We describe the semantics of Hana informally but somewhat precisely.

3.1 Programs

A program is a sequence of one or more statements. Some statements, called declaration statements, declare entities; others simply execute.

// This is a complete Hana program.  When executed, it writes
// "hello, world" to standard output.

string greeting = "hello";
print(greeting + ", " + place());
string place() {return "world";}

3.2 Blocks

Blocks exist to control the scope of declarations. A block is a sequence of zero or more statements.

3.3 Declarations

A declaration binds an identifier to an entity. There are seven kinds of declarations:

type declarations,
function declarations,
variable declarations,
parameter declarations,
iterator declarations,
enumeration literal declarations, and
field declarations.

Each occurrence of an identifier is either a defining occurrence or a using occurrence. Using occurrences are legal only in the visible region of the declaration that declares the identifier. The visible region of a declaration is the declaration's scope minus any holes in the scope created by declarations of identifiers with the same name within (inner) blocks contained within the scope. (This means the visible region may be discontinuous).

The scope of an identifier declared in a type or function declaration is the entire innermost enclosing block containing the declaration, or the entire program if the declaration does not appear within a block. (This allows types and functions to be mutually recursive.)

Color c = Color::GREEN;           // line 1
enum Color {RED, GREEN, BLUE}     // line 2
print($c);                        // line 3
char f(string s) {                // line 4
    Point q() {return null;}      // line 5
    struct Point {int x; int y;}  // line 6
    c = Color::RED;               // line 7
}                                 // line 8
f("Can't see a point here");      // line 9

// Scope of Color and f is lines 1-9
// Scope of Point and q is lines 5-7.

The scope of an identifier declared in a variable declaration begins with the declaration itself and extends to the end of the innermost block containing the declaration, or to the end of the program if the declaration does not appear in a block.
The scope of an identifier declared in a field declaration is the same as the type in which the declaration appears.
The scope of an identifier declared as a literal of an enumeration type is the same as that of the type itself.
The scope of an identifier declared in a parameter declaration is the block (body) of the innermost function in which the parameter declaration appears.
The scope of an identifier declared as an iterator is the for-statement in which it appears.

The declared identifiers at the top-level of a block or program (types, variables, and functions) must be mutually distinct, except that multiple functions can share the same name.

Declarations within inner blocks hide declarations with the same name in an enclosing outer block.

The identifiers declared as parameters of a function must be unique among themselves and the identifiers declared at the top level of the function's body.

void test(int x, int y) {
    real z;
    string x;         // error - x is already a parameter
    if (z > 1.0) {
        int x = 5;    // this x is fine, however
    }
}

The identifiers within a particular enumeration type declaration must be unique among themselves.

enum Light {RED, AMBER, GREEN}                     // okay
enum StickyStuff {GLUE, AMBER, CEMENT, PASTE}      // okay
enum Call {WOO, HOO, HOO}                          // error!

3.4 Types

Hana features the following types:

the type boolean consisting entirely of the values true and false.
the type int of 32-bit two's-complement integers.
the type char of characters from the Universal Character Set.
the type real of IEEE-754 double precision values.
the type string of character strings.
the type stream of data streams.
the type thread of threads.
structure types, which are defined in a program.
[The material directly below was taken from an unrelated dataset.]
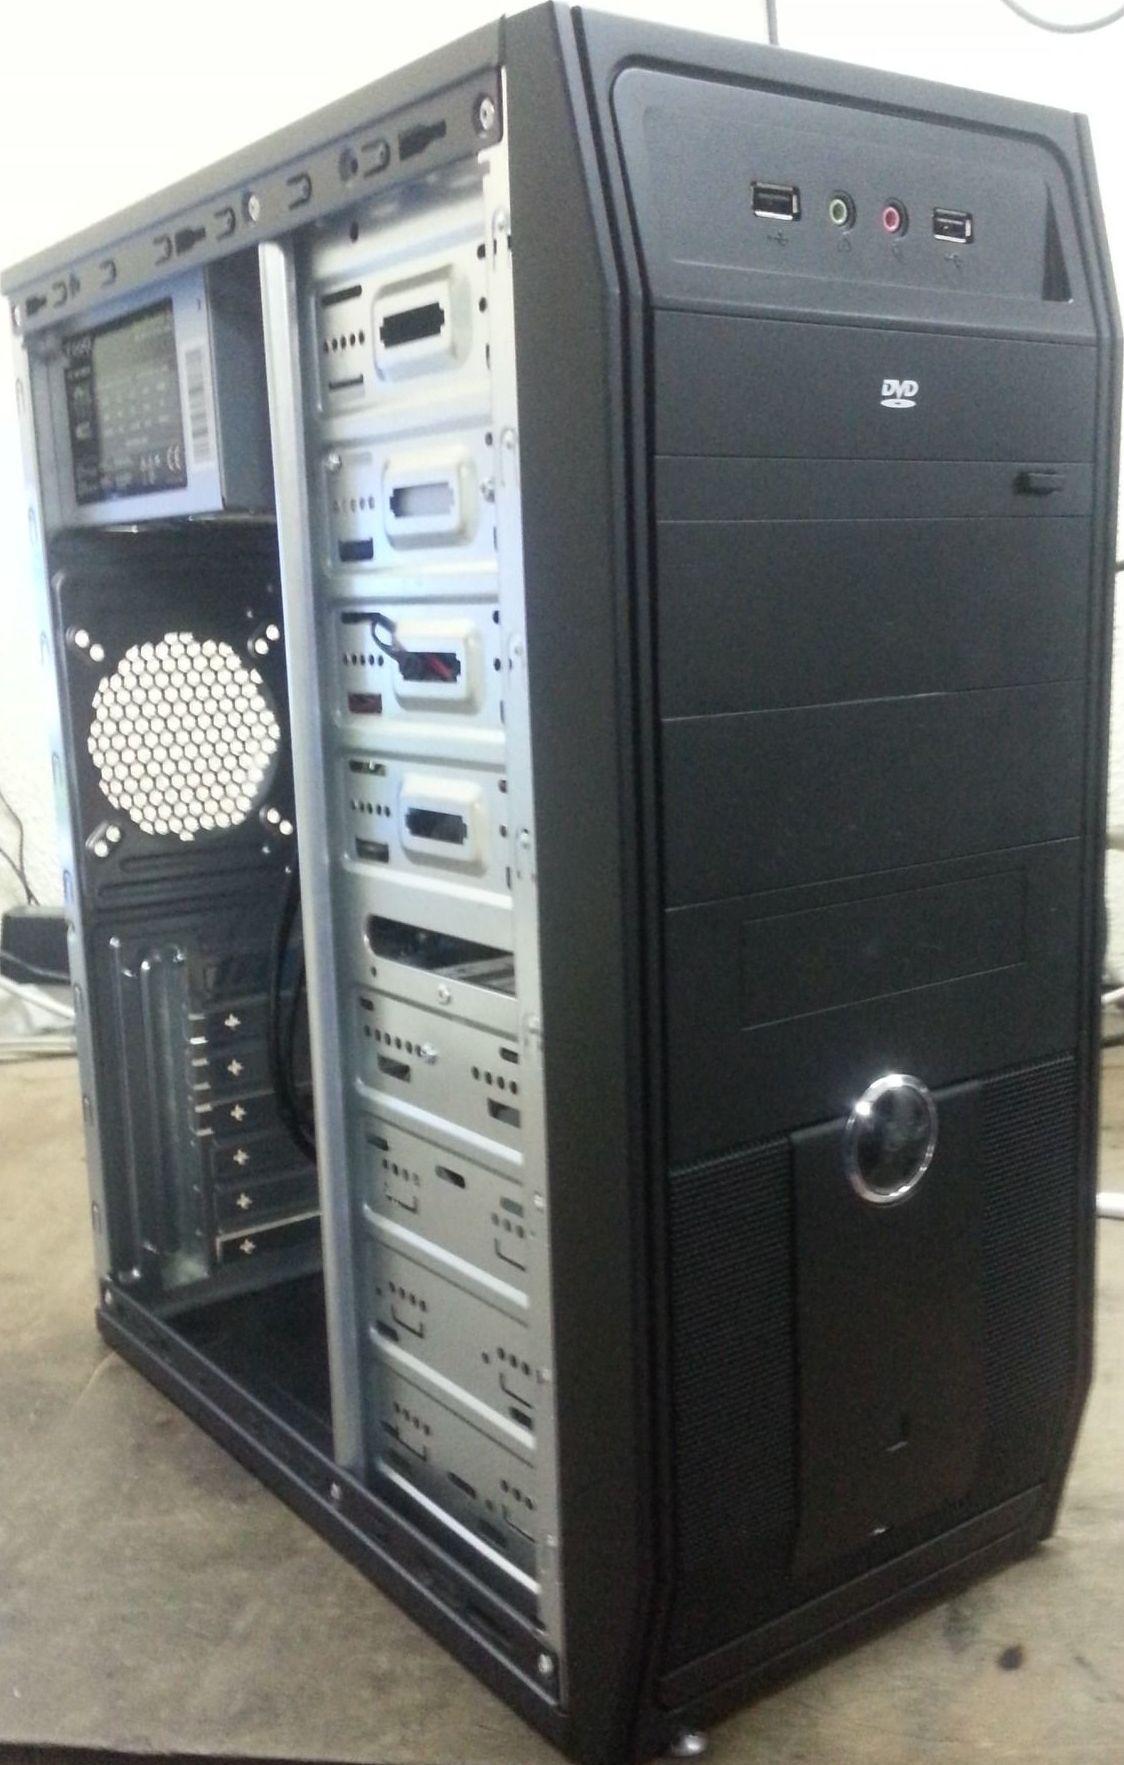 Servicio técnico informatica

Structures have an ordered sequence of named fields.
enumeration types, which are defined in a program. The only values of an enumeration type are the ones declared for it.
array types: for every type T, there exists a type T[] whose values are zero-based integer-indexed sequences of values of type T.
the null type, whose sole value is the literal null.

The types int and real are arithmetic types. The arithmetic types, enumeration types, and the type char comprise the primitive types. Types that are not primitive types are called reference types.

3.5 Functions

A function has a name, an optional return type, a parameter list, and a body. The identifiers declared as parameters must all be unique. Functions marked void in their declarations are called "void functions" or "procedures" and have no return type; functions with "..." at the end of their parameter list are called variadic functions.
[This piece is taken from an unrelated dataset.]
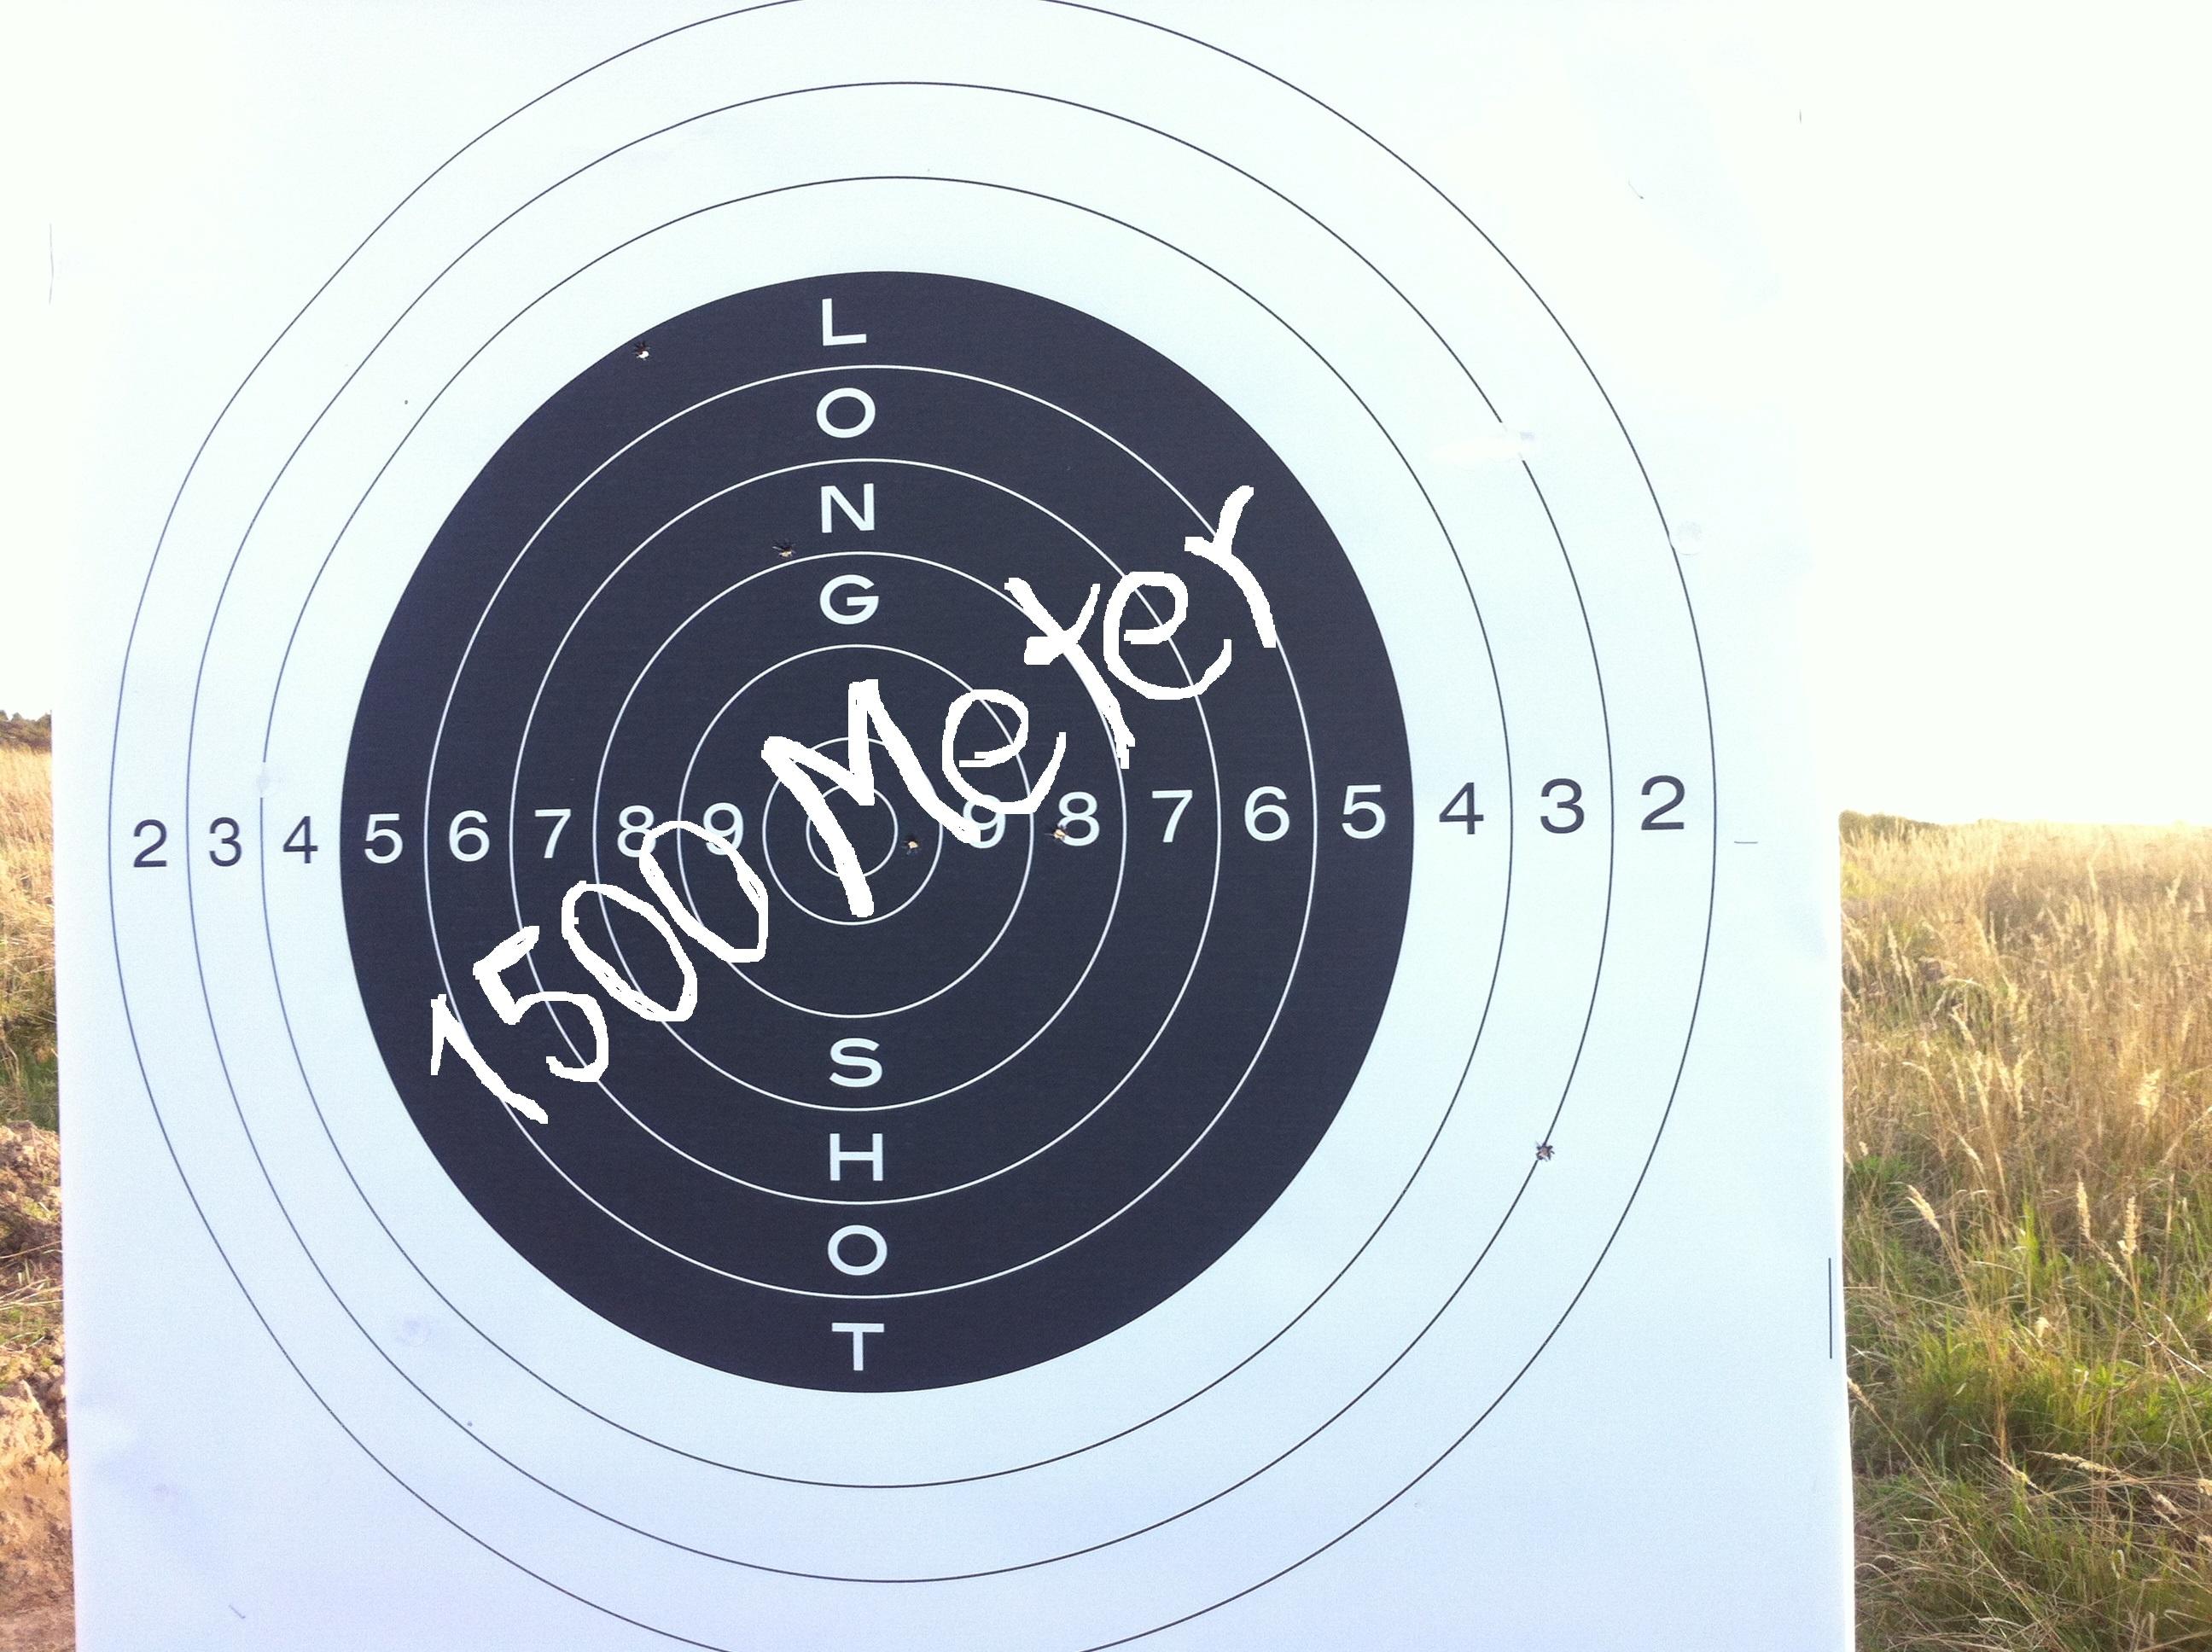 1500 Meter Rene 2

The signature of a function is a triple (t₀, [t₁, ..., t_n], b) where t₀ is either the return type of the function or the string "void"; t₁ through t_n are, in order, the types of the parameters, and b is a boolean value stating whether the function is variadic.

An expression list (e₁, ..., e_n) is said to match a signature (t₀, [t₁, ..., t_k], b) whenever it holds that

when b is false then n = k
when b is true then k <= n
each e_i is type-compatible (see Section 3.8) with t_i.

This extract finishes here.